Research involving genetics on crop plants is often a painstakingly slow process because most crops have a long generation time — the time it takes to go from seed to seed.
“For a cereal crop, like wheat, this can be from four to seven months, which means the process of developing a new wheat cultivar can take around eight years,” says KAUST plant scientist, Brande Wulff. If the process involves introducing genetic material from a wild wheat relative, then the timeline may be twice or three times as long.
Wulff was recently reminded of the long timelines of his research when he met a former Ph.D. student in a Zoom meeting. Twenty years ago, Pablo Olivera’s Ph.D. project on stem rust resistance in a wild wheat relative laid the foundations for the transfer of the resistance gene into bread wheat, recently reported in Nature Communications, and led by Wulff.
“We inherited the ‘great grandchildren’ (seed) of Pablo’s wild wheat cross in 2010 when I was working in The Sainsbury Lab in Norwich, UK. In 2014 I moved to the John Innes Centre and the project came with me.
“I joined KAUST in March 2021, when we were in the final stages of compiling and analyzing the data. It has been a project spanning several institutions and nearly two decades.”
Over the past decade, plant breeding has benefited from advances in genome assembly technology, which helps researchers target specific genes and reduce the number of candidate genes in the plant’s genome.
In 2018, Wulff and colleagues published a simple method, known as speed breeding, which has facilitated the halving of the generation time of many crops and their wild relatives. This method is now widely used as a standard for genetic studies because it greatly reduces the time, space and costs required.
Other important advances that have helped accelerate plant breeding and research programs are a sharp fall in the cost of DNA sequence acquisition and improvements in data storage, computing power and bioinformatics.
“We have benefitted from these advances and used them to develop a suite of technologies that accelerate the discovery and cloning of resistance genes in complex plant genomes,” says Wulff.
“More recently, we have been using the natural genetic structures present in wild and domesticated wheat, sequencing the standing genetic variation present in these populations and then using association mapping to correlate genetic fingerprints associated with disease resistance.
“This has allowed us to clone a suite of disease resistance genes without having to conduct a single laboratory-controlled cross.”
“This has allowed us to clone a suite of
disease resistance genes without having to
conduct a single laboratory-controlled cross.”
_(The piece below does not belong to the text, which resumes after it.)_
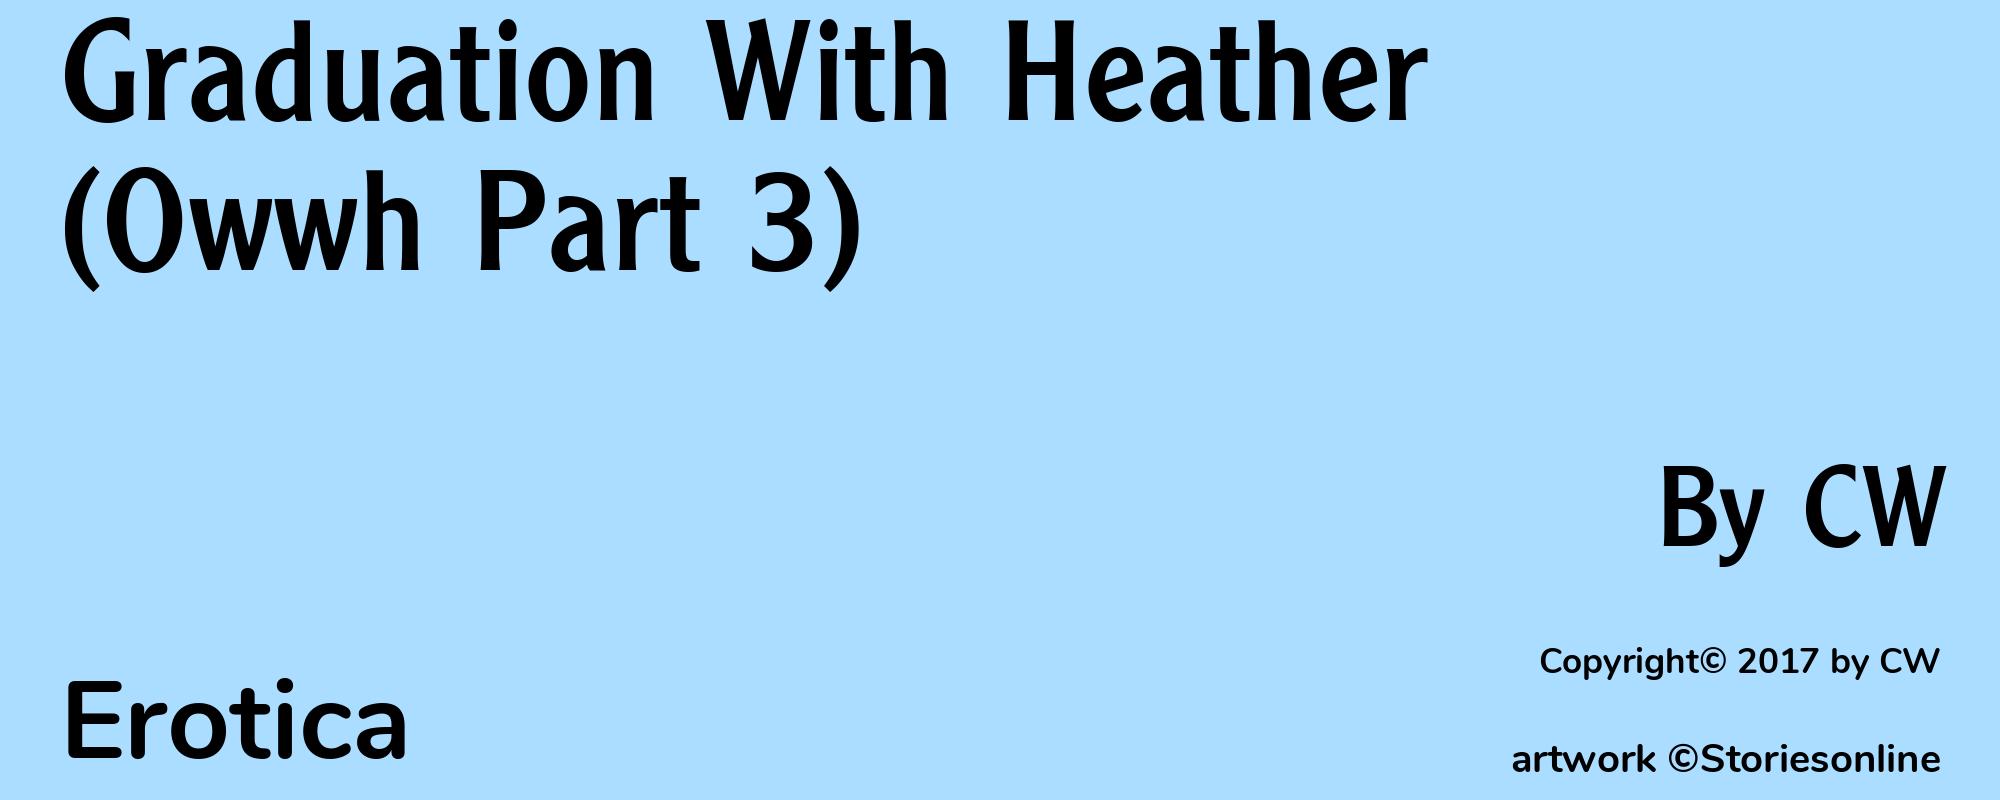 Graduation With Heather (Owwh Part 3) - Cover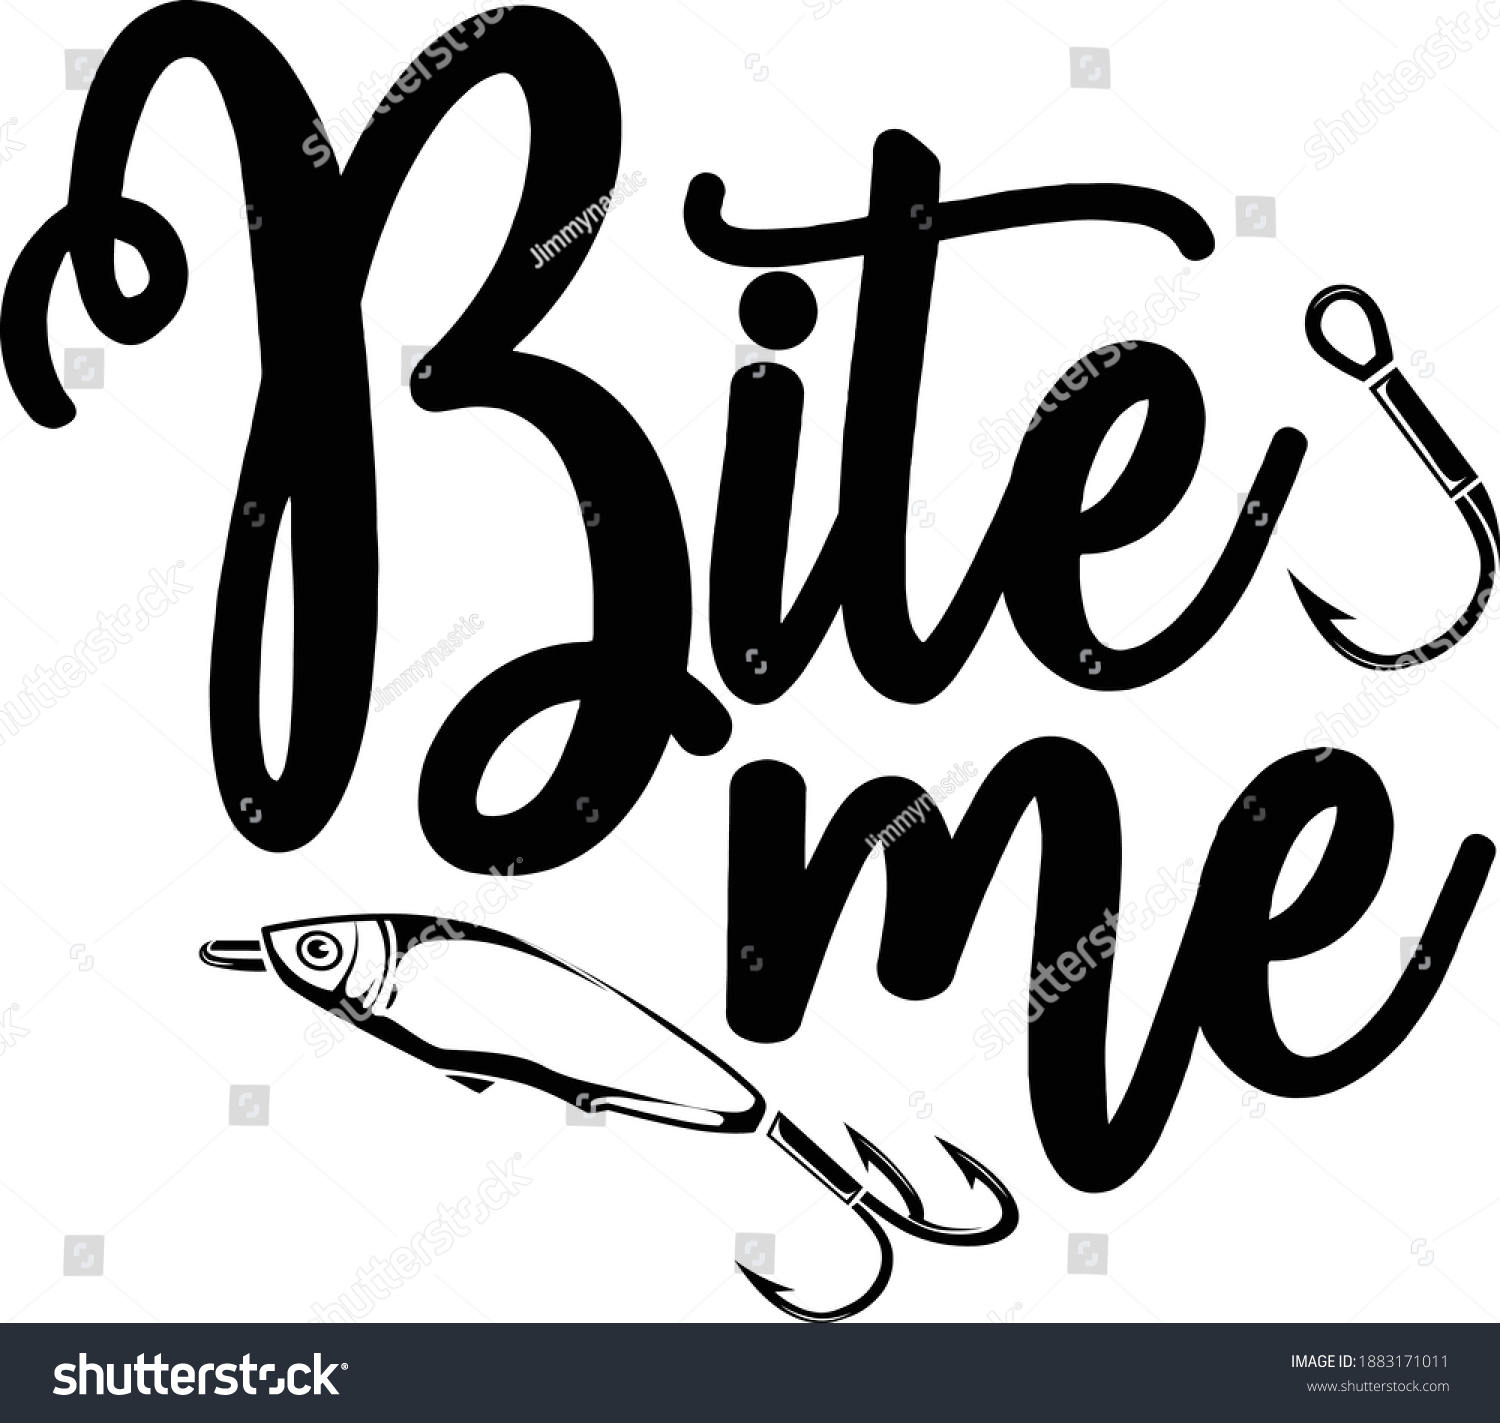 Download Bite Me Fishing Svg Download Stock Vector Royalty Free 1883171011

A challenge for plant breeders has been the opposition to GM crops in many countries. While GM broadacre crops such as soy, maize, cotton and oilseed rape are being grown in many parts of the world, Wulff explains that wheat has lagged behind.
However, the deregulation in 2021 of a transgenic wheat containing a sunflower gene that confers drought tolerance in Argentina and the announcement that this wheat (flour) had also been deregulated in Brazil, could mean that biotech wheat is now commercially viable. Wulff believes that “this massively lowers the barrier for introducing additional GM traits such as for disease resistance.”
“We really need to come together and adopt these technologies around the world. Otherwise, we are fighting the global challenge of food security with one hand tied behind our back.”